Lastly, plaintiff relies on a group of three cases, Gardella v. Log Cabin, 2 Cir., 1937, 89 F.2d 891, Waring v. Dunlea, D.C.1939, 26 F.Supp. 338, and Prouty v. National Broadcasting Co., Inc., D.C.1939, 26 F.Supp. 265. None of these cases tend to establish that a cause of action exists on the facts of the instant case. The Prouty case involved a suit by the copyright owner of the novel “Stella Dallas,” and is distinguishable as a case involving copyright owner’s protection of rights which flow from the fact that her novel “Stella Dallas” was copyrighted.
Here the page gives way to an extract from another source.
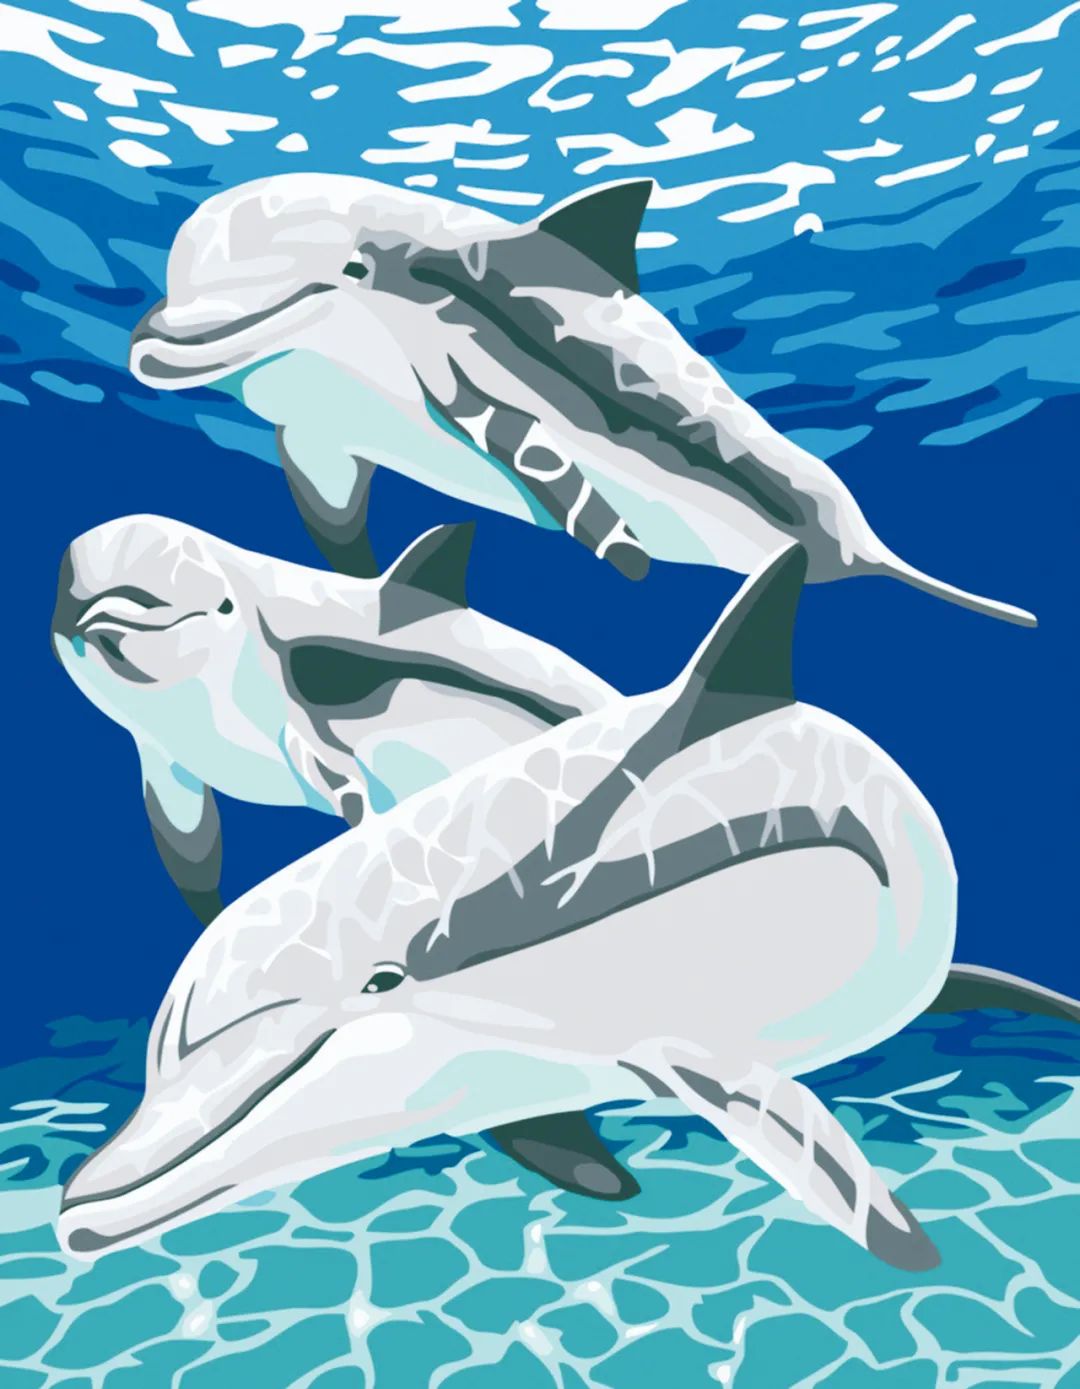 保护海豚手抄报_小海豚 漫画 环保 中国少年报_海洋环保漫画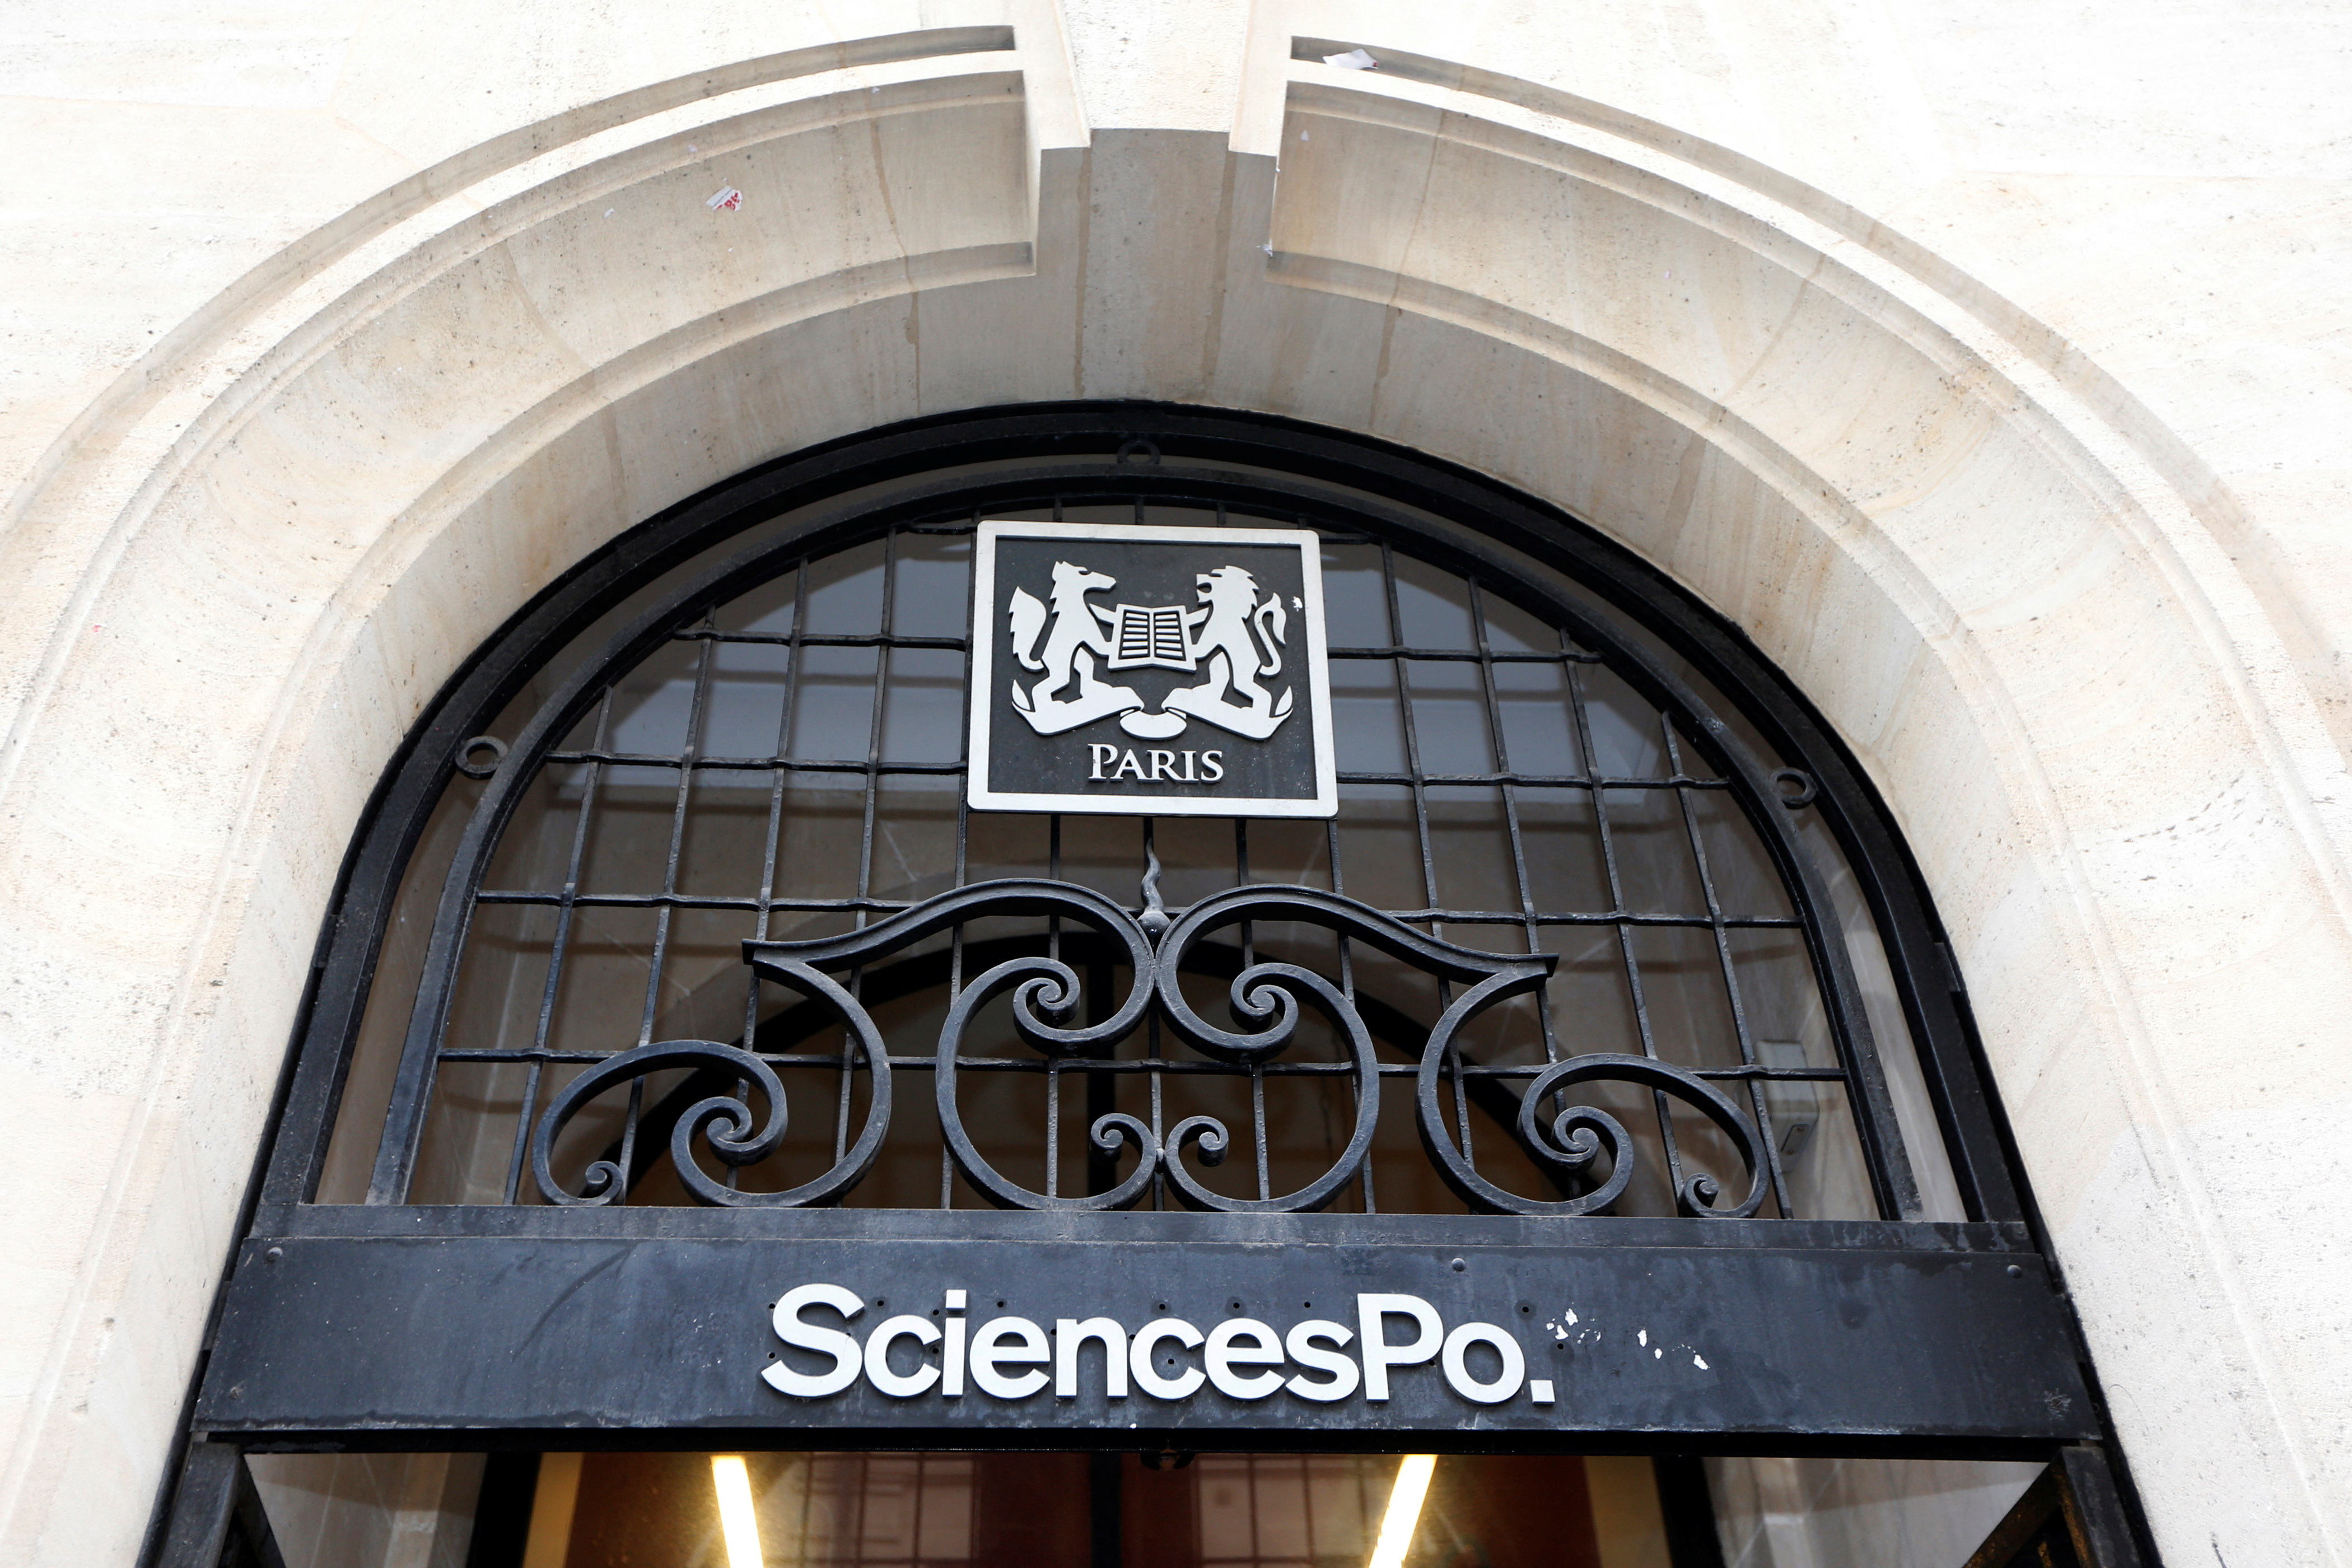 Institute of Political Studies (IEP) or "Sciences Po" main entrance at the Institute in Paris

The Waring case involves the unauthorized use of electronic transcriptions of the performance of various songs by Fred Waring’s orchestra which had been made and sold only for use on radio programs sponsored by the Ford Motor Company. The Gardella case tends to support the motion to dismiss, involving, as it does, reversal by the Court of Appeals for the Second Circuit of a finding by the District Court in favor of the plaintiff in an action allegedly involving the original and an imitation “Aunt Jemima.”
The motion to dismiss is granted by reason of the complaint’s failure to state a cognizable cause of action.